Learning Objectives - Part 2

This module covers key aspects of eukaryotic cells:

  • Describing the structure and function of nuclear transport.
  • Describing the structure and function of the endomembrane system.
  • Comparing the roles of microfilaments, intermediate filaments, and microtubules, and describing the structure and function of the cytoskeleton.
  • Comparing and contrasting cilia and flagella.

Life's Properties: Collaboration of Internal Structures

  • Life's properties emerge from the intricate collaboration of internal structures within a cell.
  • Understanding cells involves examining their parts (prokaryotic and eukaryotic structures) and how these parts fit into a cohesive whole.
  • Key areas of focus include nuclear transport, the endomembrane system, and the dynamic cytoskeleton.

Putting the Parts into a Whole

Cytology: The Study of Cells
  • Cytology is the study of cells, combining microscopy and biochemical analysis.
  • The structure of each cell component directly correlates with its function.
  • Size and number of different types of organelles: This varies depending on the cell's specialized function.
  • Examples:
    • Fat cells: Rounded, globular structures optimized for lipid storage.
    • Cardiac muscle cells: Long and tapered, specialized for contraction.
  • Variation in organelle content is a key indicator of cell specialization.
Cell Fractionation: Separating Cell Components
  • Cell fractionation is a technique that uses cell lysis (breaking open cells) and differential centrifugation to separate cellular components based on their size and density.
  • Goal: To take cells apart and isolate specific organelles for individual study.
  • Centrifuge: Used to separate cellular and molecular components.
    • Can separate components by size and density, often employing gradients for finer separation.
  • Ultracentrifuges: Highly powerful centrifuges that can spin at speeds up to 130,000 revolutions per minute (rpm) and generate forces up to 1,000,000 \times G (relative centrifugal force).
    • These are used to separate even smaller cellular particles.
The Dynamic Cell
  • Techniques: Differential centrifugation and fluorescent tags are used by researchers to isolate cell components and analyze their chemical composition.
  • Cellular Activity Examples:
    • The body's cells utilize approximately 10\text{ million} ATP molecules per second.
    • Cellular enzymes can catalyze over 25,000 reactions per second.
    • Each membrane phospholipid can traverse the breadth of its organelle or the entire cell in less than a minute.
    • Hundreds of trillions of mitochondria are completely replaced approximately every 10 days, highlighting the dynamic nature of cellular components.

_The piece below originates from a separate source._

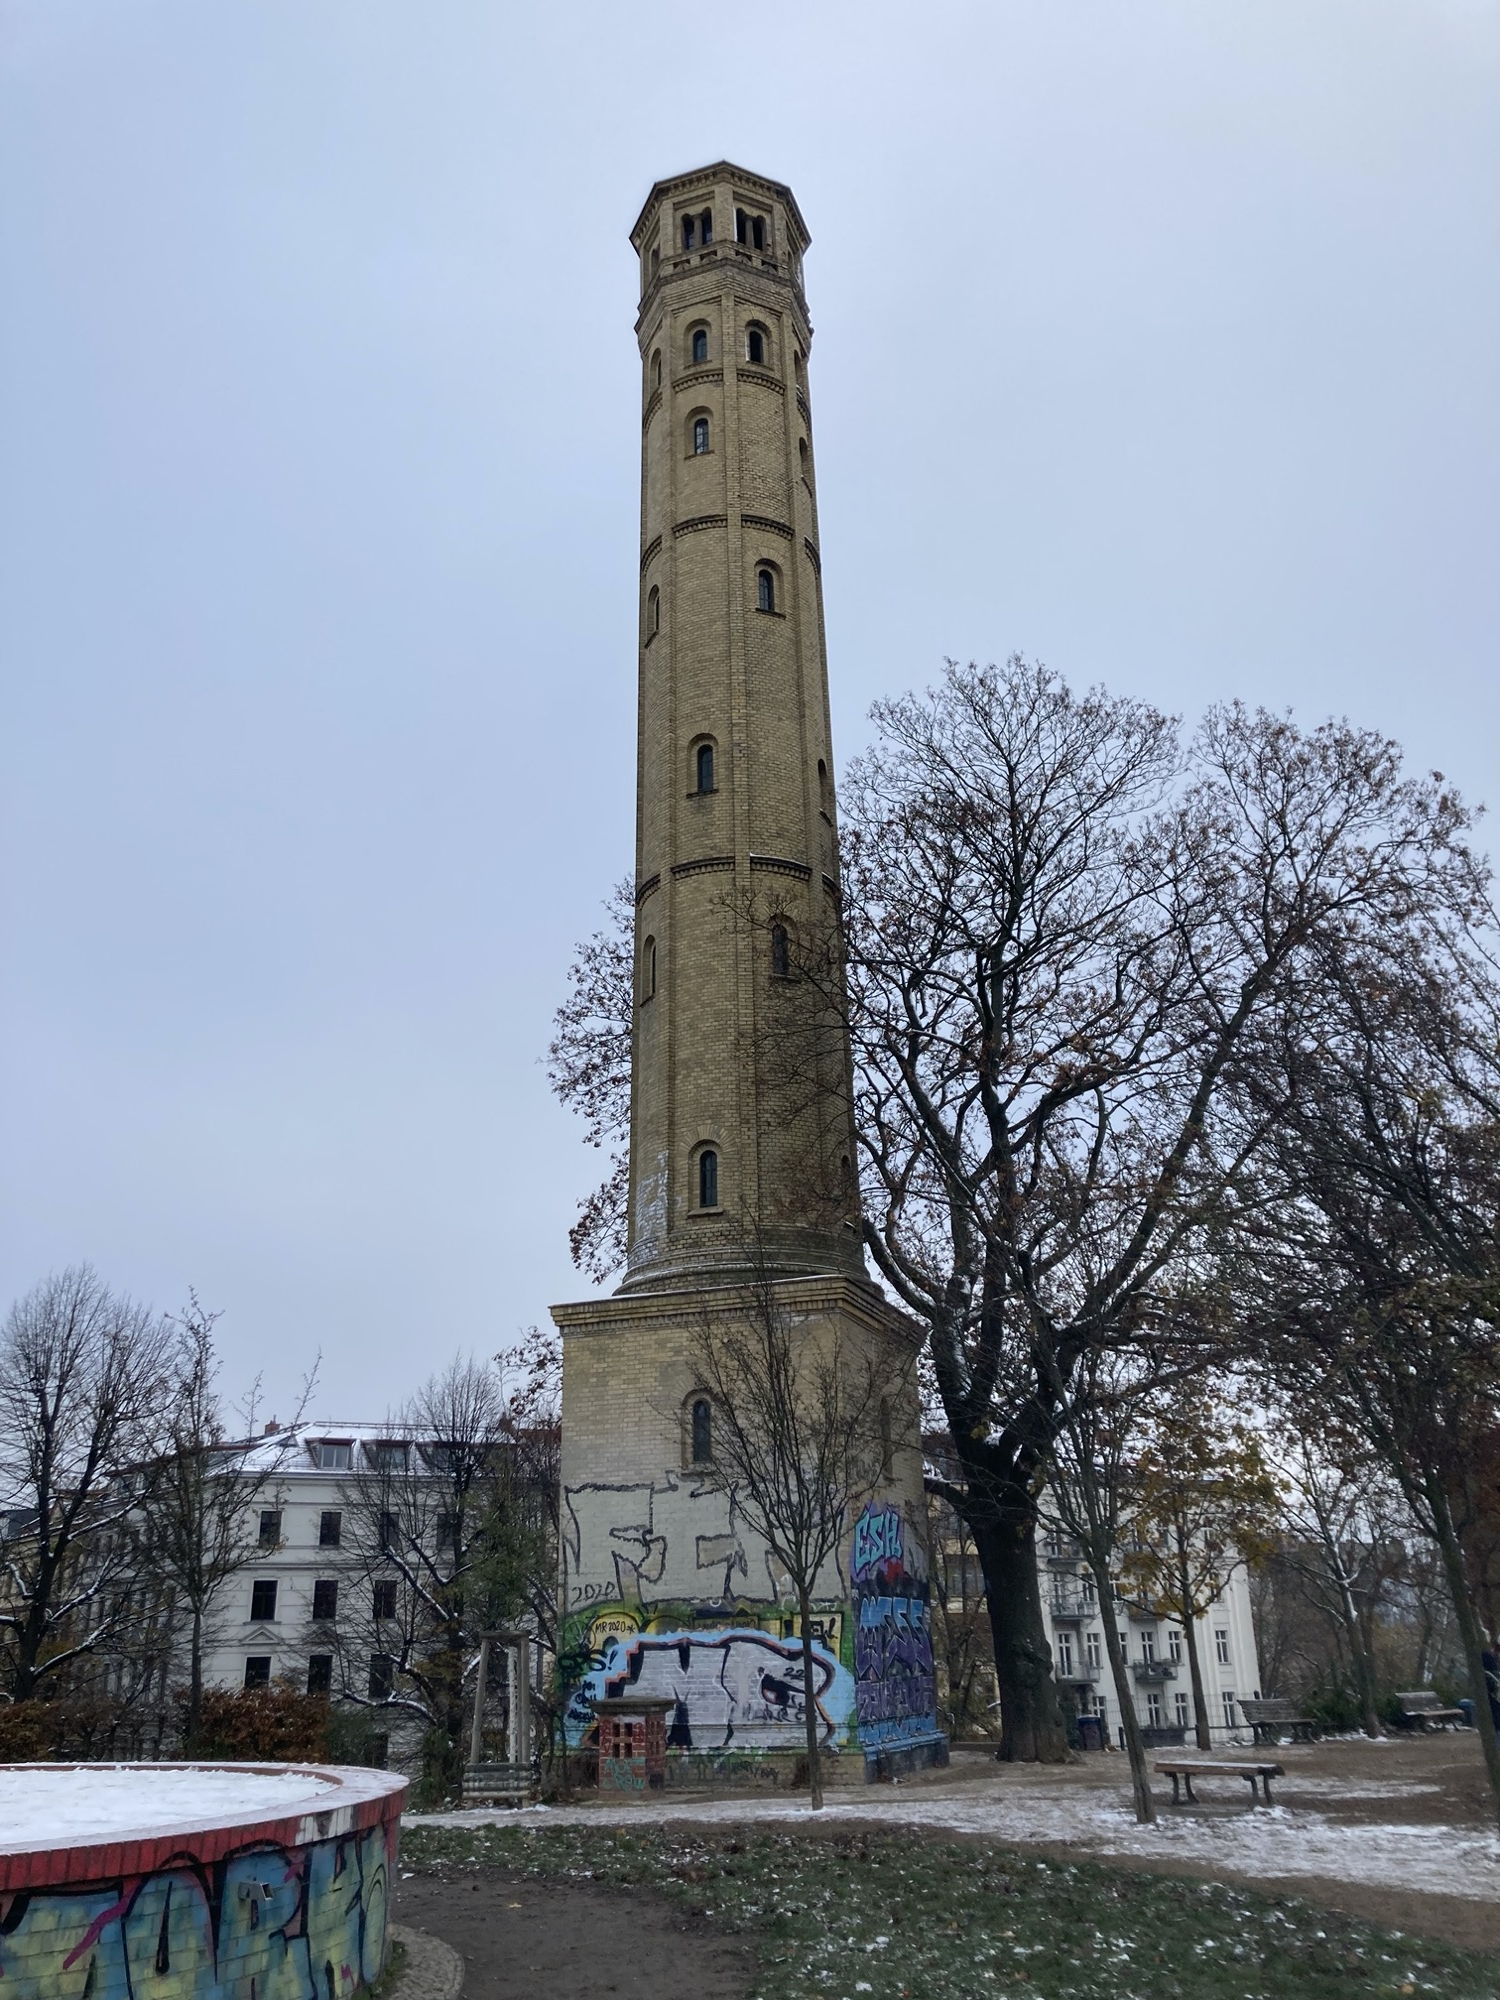 Gesamtansicht des schmäleren Wasserturms auf dem Hügel, eingefasst von blattlosen Bäumen, der untere Bereich des Turms ist mit Graffiti bedeckt
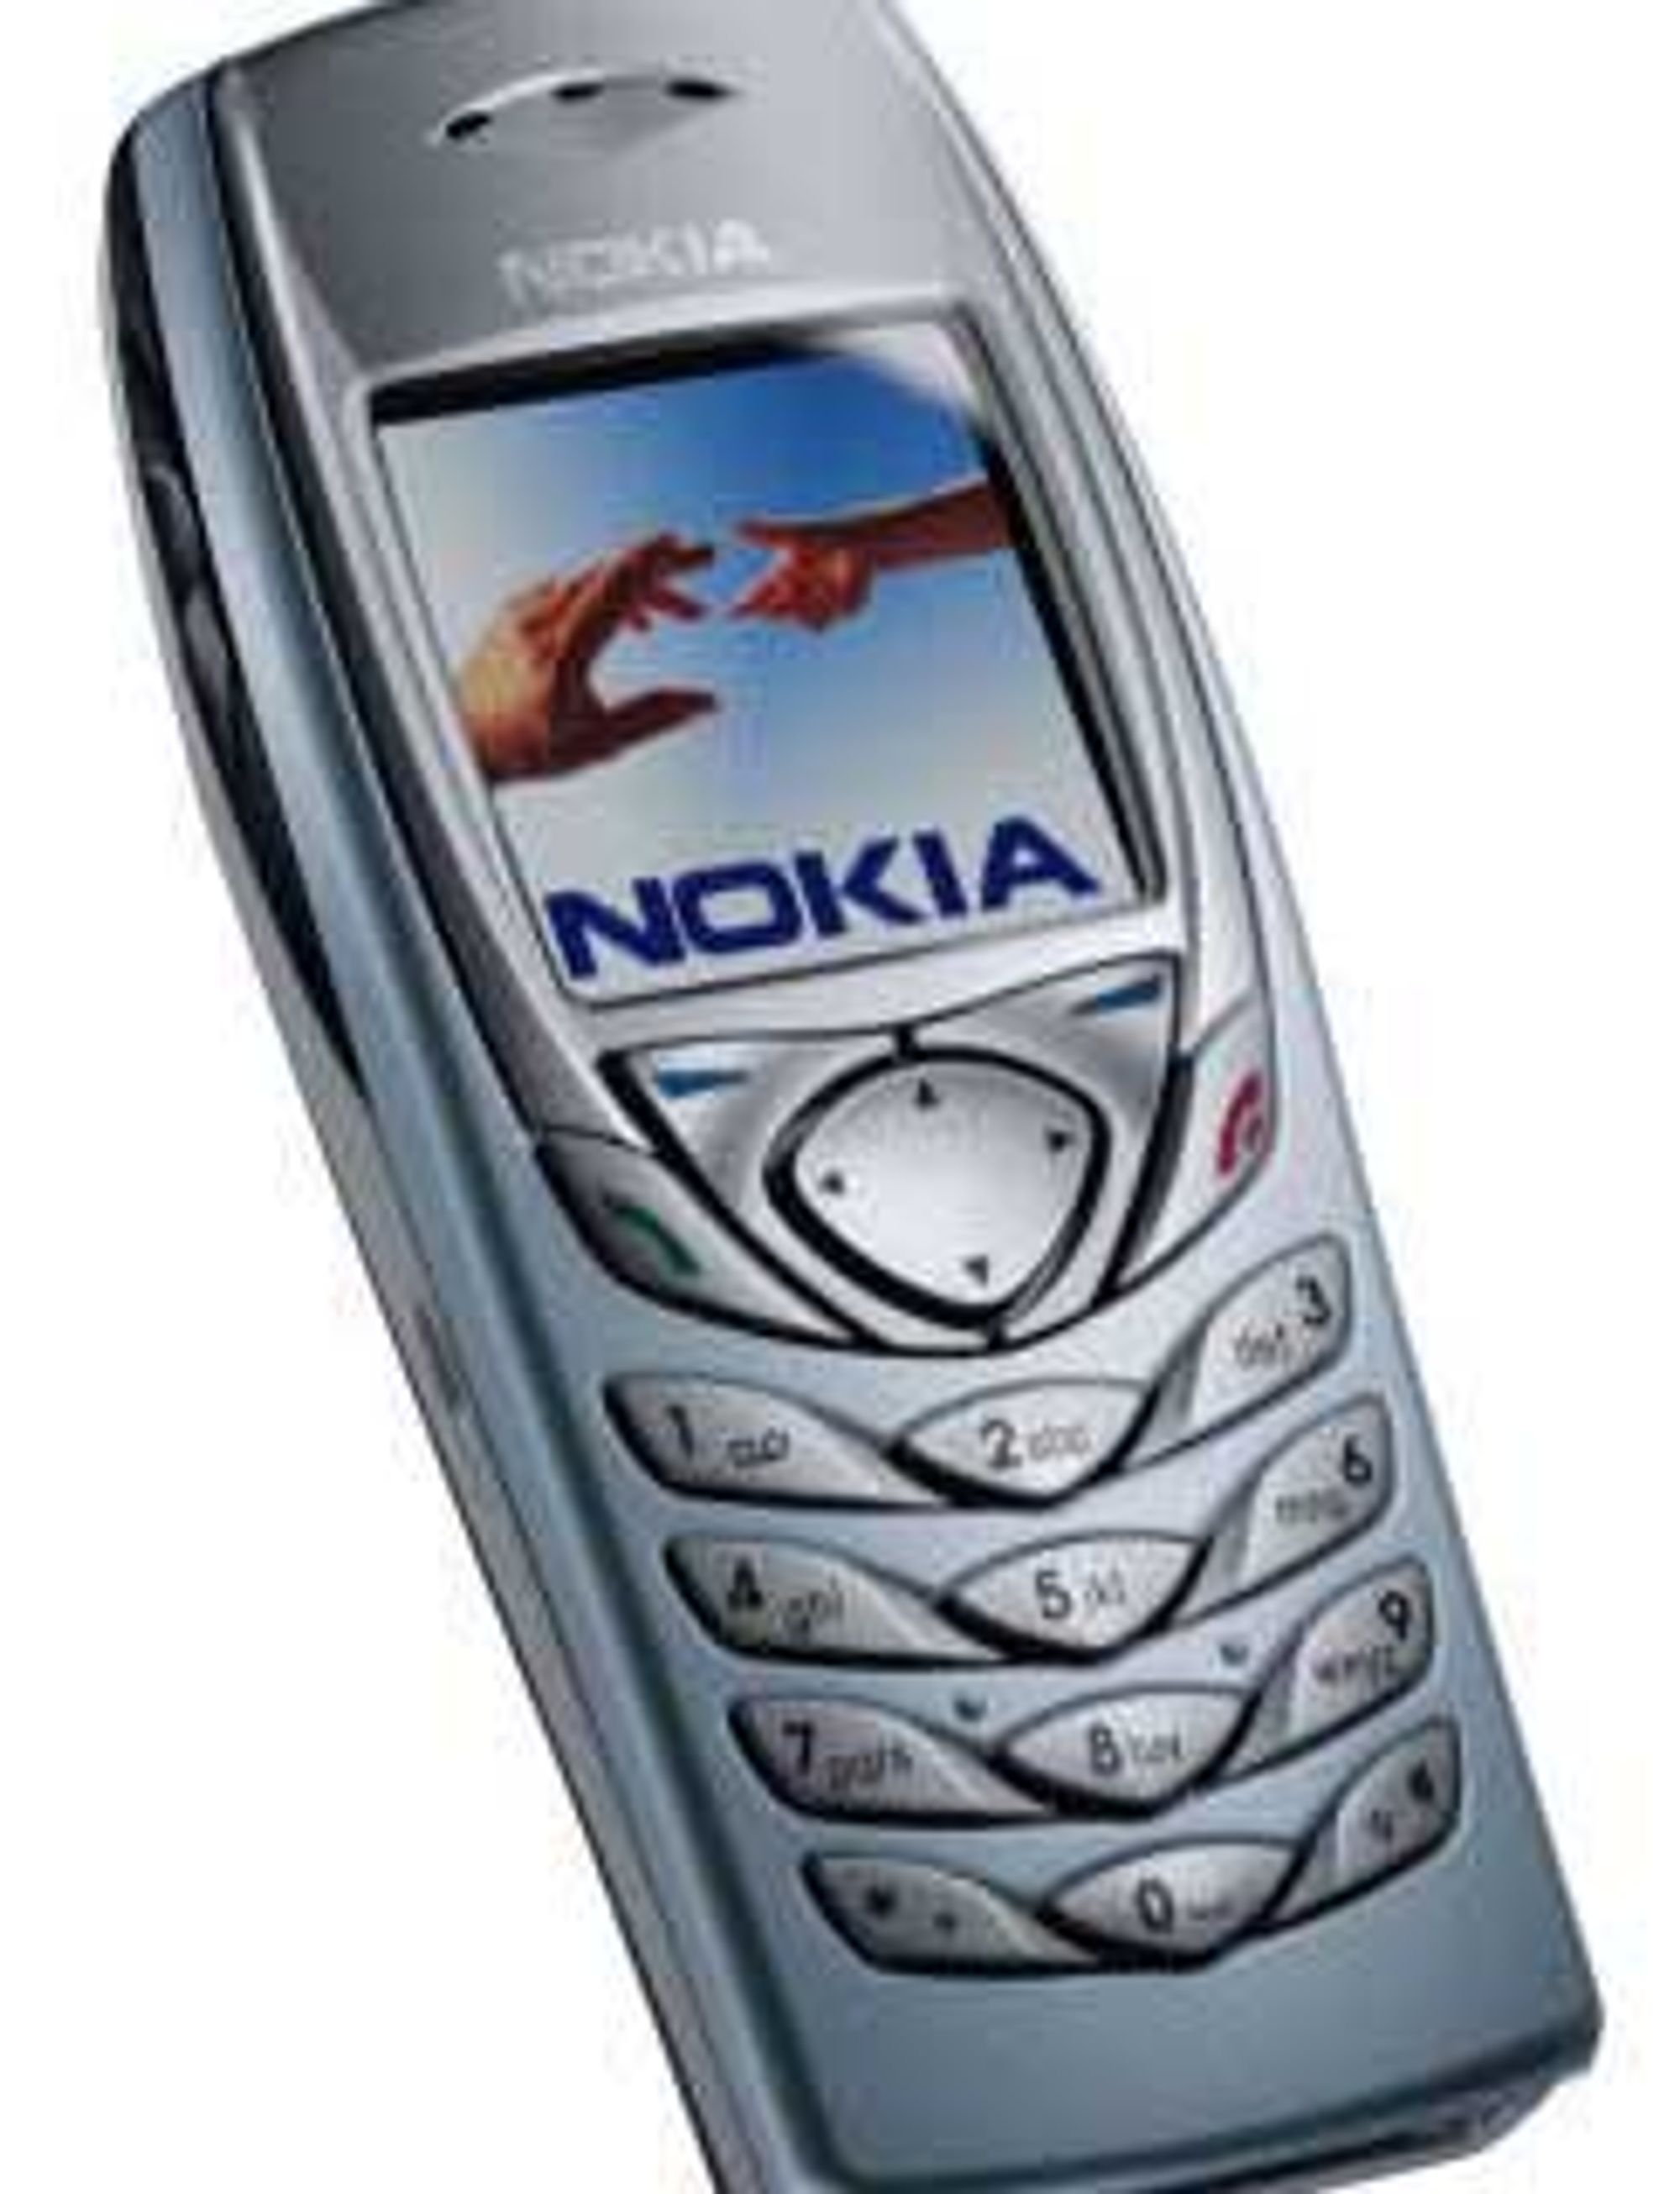 Jo eldre, jo mer Nokia

Cell Systems I: Nuclear Transport

The Nucleus: Information Center
  • The nucleus serves as the information center of eukaryotic cells.
  • Function: Genetic information stored in DNA is decoded and processed here.
  • Large suites of enzymes interact within the nucleus to produce RNA messages.
  • Nucleolus: Functions as the primary site of ribosome assembly.
    • Ribosomal RNA (rRNA) binds with proteins to form ribosomes.
    • Messenger RNA (mRNA) carries genetic information from DNA to synthesize proteins in the cytoplasm.
Structure and Function of the Nuclear Envelope
  • Nuclear envelope: A double membrane that separates the nucleus from the rest of the cell (cytosol).
  • Nuclear pore complexes: Openings that perforate the nuclear envelope.
    • They connect the inside of the nucleus directly with the cytosol.
    • Each complex consists of about 30 different proteins.
  • Traffic into the nucleus (Inbound traffic): The nucleus selectively imports large molecules.
    • Nucleoside triphosphates (building blocks for DNA/RNA).
    • Proteins responsible for DNA copying (replication).
    • Proteins responsible for RNA synthesis (transcription).
    • Proteins needed for assembling ribosomes.
  • A typical cell imports over 500 molecules through 2000 to 5000 nuclear pores every second, demonstrating high transport activity.
Molecular Transport into the Nucleus
  • Selectivity: Import of large molecules into the nucleus is highly selective.
  • Nuclear pores: Act as dynamic gates, controlling passage through the nuclear envelope.
  • Nuclear Localization Signal (NLS):
    • Nuclear proteins contain a specific amino acid sequence called a Nuclear Localization Signal (NLS).
    • This NLS serves as a recognized tag that allows import receptor proteins to bind to the protein and facilitate its transport through the nuclear pore complex into the nucleus.
  • Export of molecules:
    • mRNA and tRNA molecules, which are synthesized in the nucleus, are actively exported to the cytosol to participate in protein synthesis.
    • Ribosomal subunits, assembled in the nucleolus, are also exported to the cytoplasm.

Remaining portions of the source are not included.